Design and characterization of novel polymorphs of single-layered tin-sulfide for direction-dependent thermoelectric applications using first-principles approaches.

Advanced computational approaches have made the design and characterization of novel two-dimensional (2D) materials possible for applications in cutting-edge technologies. In this work, we designed five polymorphs of 2D tin sulfide (namely, α-SnS, β-SnS, γ-SnS, δ-SnS, and ε-SnS) and explored their potential for thermoelectric applications using density functional theory-based computational approaches. Investigations of the energetic stability showed that the generated monolayers were as stable as parent α-SnS and exhibited cohesive and formation energies comparable to those of other stable 2D materials. These monolayers demonstrated high structural anisotropy (except β-SnS), which resulted in interesting features in the effective mass of the charge carriers and the subsequent thermoelectric properties.
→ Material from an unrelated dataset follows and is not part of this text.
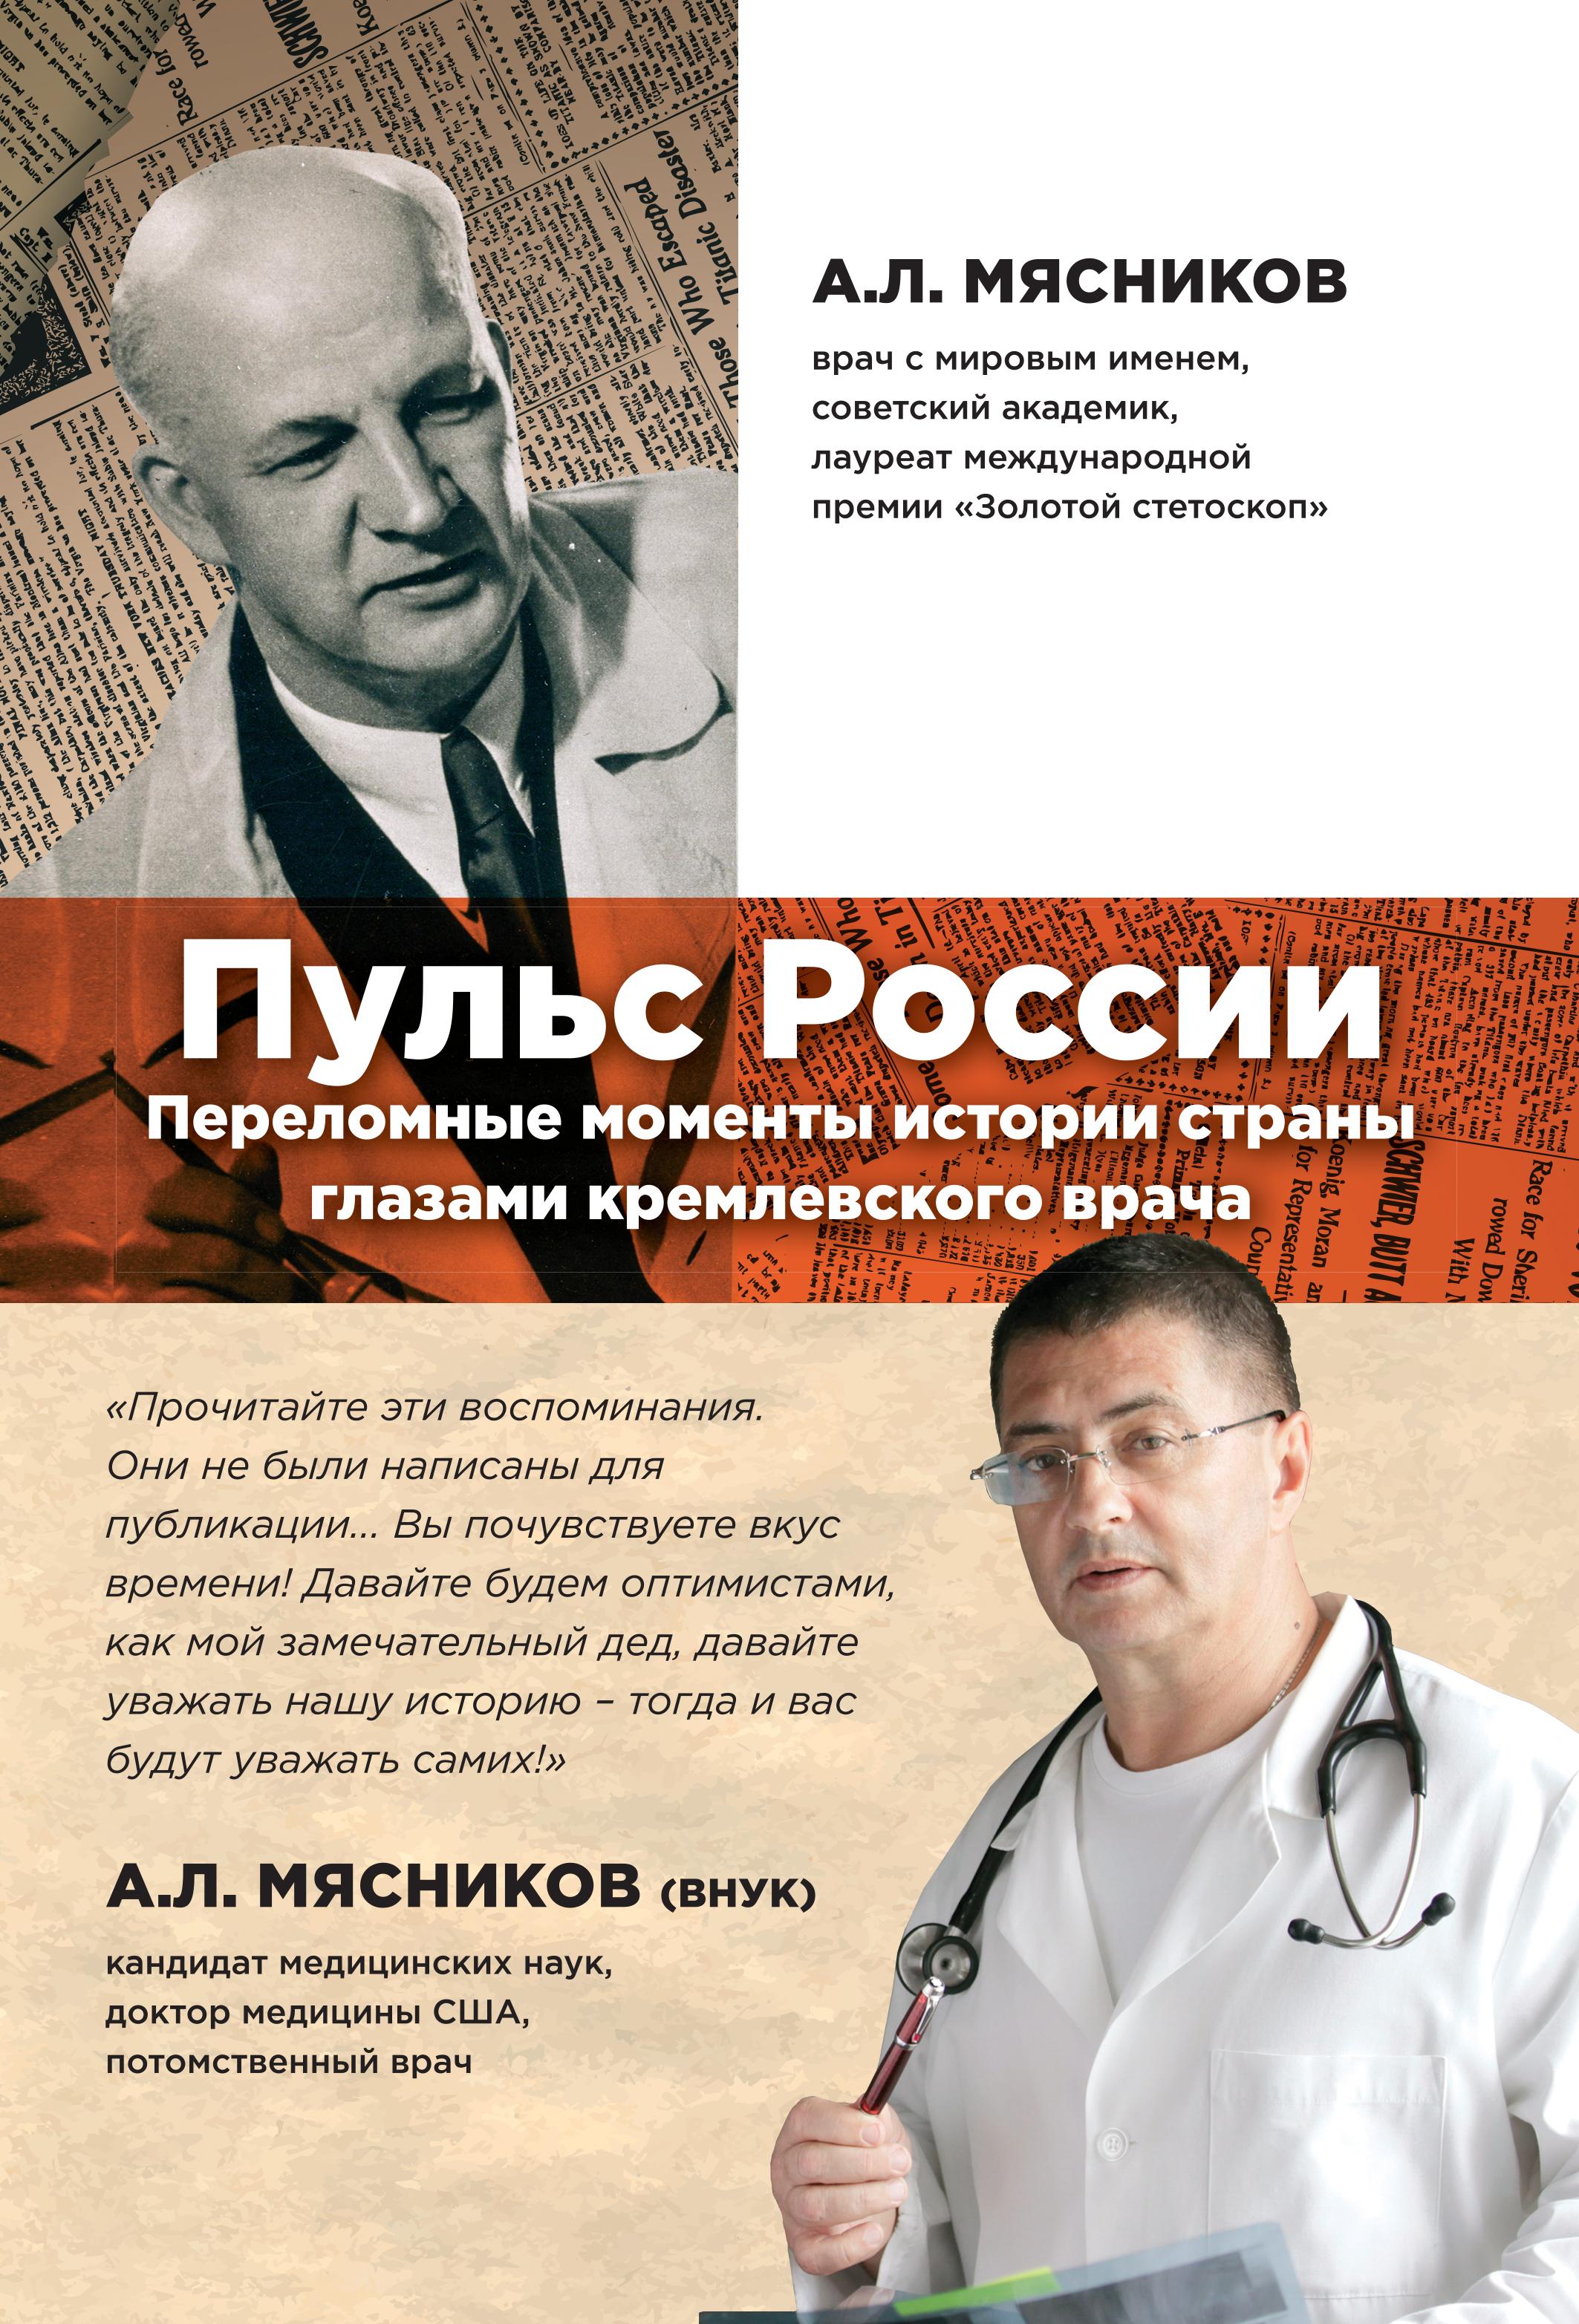 Александр Мясников «Пульс России: переломные моменты истории страны глазами кремлевского врача»

The in-plane anisotropy yielded different effective masses of charge carriers along the 100- and 010-directions. The x- and y-components of the electrical conductivity tensors were accordingly enhanced by the p-type doping and n-type doping, respectively. We estimated the maximum thermoelectric power factors along the x- and y-axes and the corresponding optimal doping levels were recognized; this suggested that the thermoelectric performance of these monolayers along the x-direction can be improved by p-type doping and that along the y-direction can be improved by n-type doping. Moreover, the thermoelectric figures of merit of the SnS monolayers approached a benchmark value of unity at room temperature. Our results suggested that these novel polymorphs of 2D SnS are promising materials for applications in direction-dependent thermoelectric devices. The present study can provide valuable guidance for generating low-cost and non-toxic polymorphs of other layered-structure materials.